A study of the synergistic effect of folate-decorated polymeric micelles incorporating Hydroxycamptothecin with radiotherapy on xenografted human cervical carcinoma

• Prepared folated-decorated active targeting micelles for delivery of hydroxycamptothecin.
• Combination HCPT micelles with radiotherapy for the treatment of human cervical carcinoma.
• Investigated the synergistic mechanism of HCPT micelles and radiotherapy.

In this study, Hydroxycamptothecin (HCPT)-loaded micelles were formed in water by the self-assembly of folate (FA)-decorated amphiphilic block copolymer, methoxy poly(ethylene glycol)-poly(ε-caprolactone) (MPEG-PCL), and achieved a hydrodynamic diameter about of 132 nm.
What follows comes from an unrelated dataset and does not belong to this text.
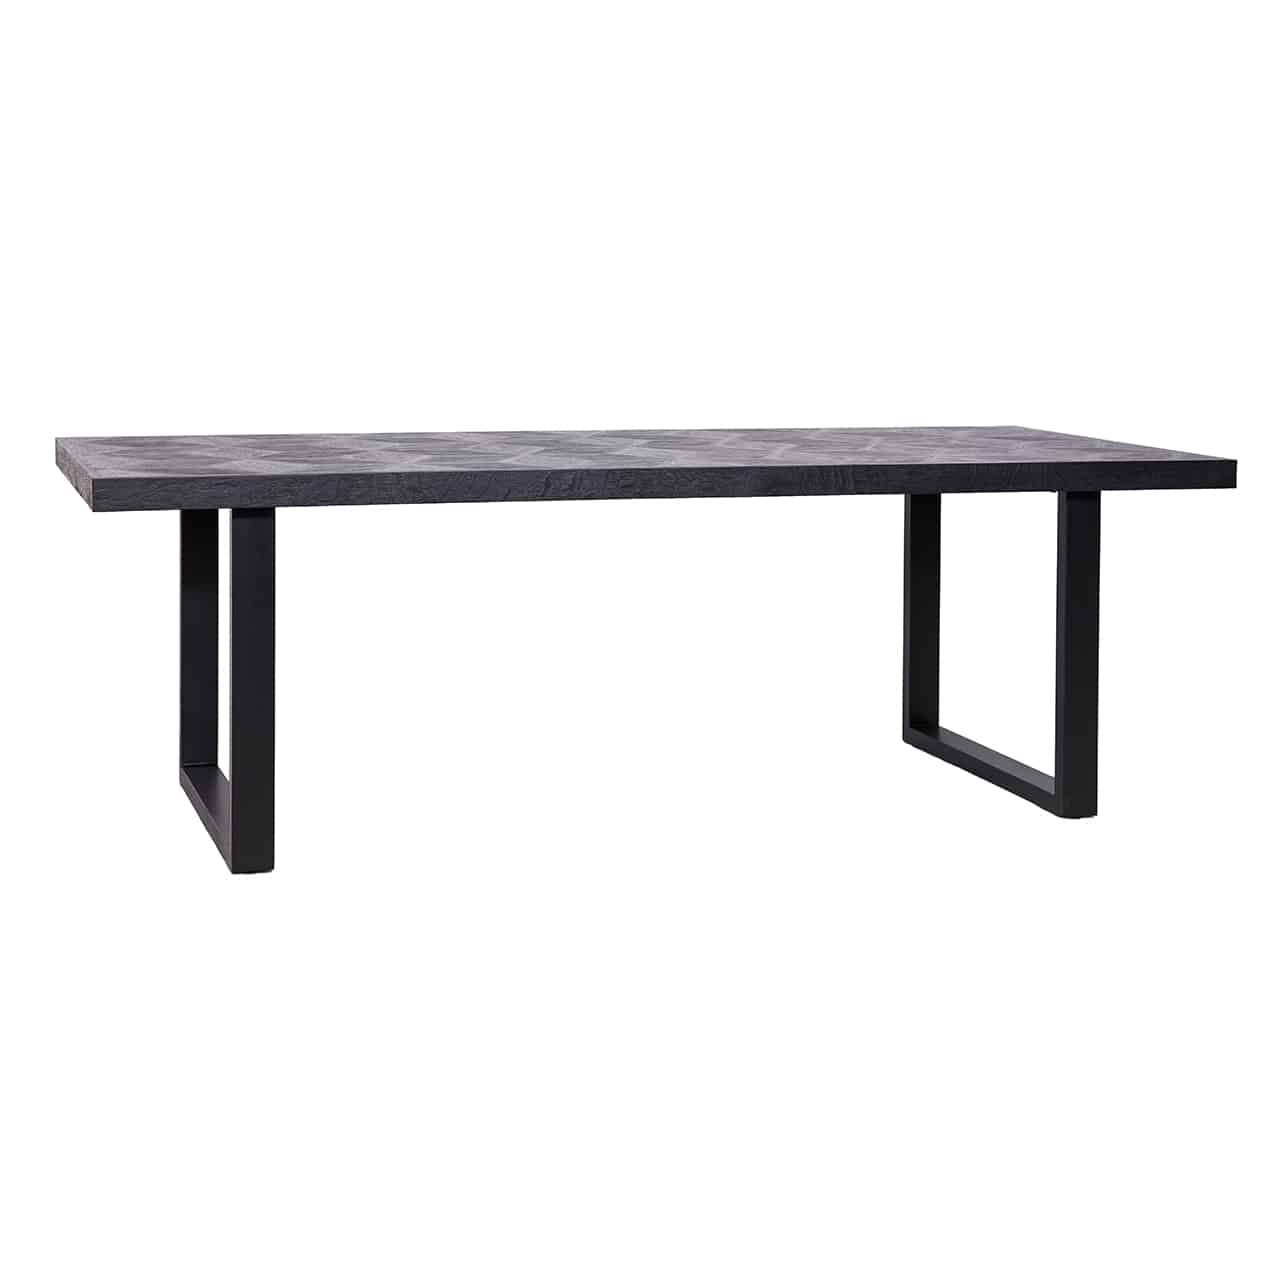 Schwarzer Esstisch beidseitig mit breiten Kufen aus Edelstahl, darauf eine lange, rechteckige Tischplatte aus Holz im Rautenmuster.

HCPT release from the micelles exhibited no initial burst but showed a sustained release profile. The cytotoxicity and targeting ability of FA conjugated polymeric micelles was investigated by using methylthiazoletetrazolium (MTT) and fluorescence microscopy. We found that FA-conjugated micelles had superior cytotoxicity against HeLa cells compared to non-conjugated micelles, and that they exerted this effect by folate receptor (FR)-mediated endocytosis. In addition, HeLa cells were xenografted into nude mice and subjected to radiotherapy (RT) and/or HCPT-loaded micelle treatment. The antitumor efficacy was detected by analysis of tumor growth delay (TGD) and median survival time. Micro fluorine-18-deoxyglucose PET/computed tomography (18F-FDG PET/CT) was performed to assess early tumor response to HCPT-loaded micelles in combination with RT. Analysis of cell cycle redistribution, apoptosis and expression of histone H2AX phosphorylation (λ-H2AX) was used to evaluate the mechanism by which HCPT loaded micelles led to radiosensitization. Taken together, the results showed that HCPT-loaded FA decorated micelles efficiently sensitized xenografts in mice to RT, and induced G2/M phase arrest, apoptosis and expression of λ-H2AX.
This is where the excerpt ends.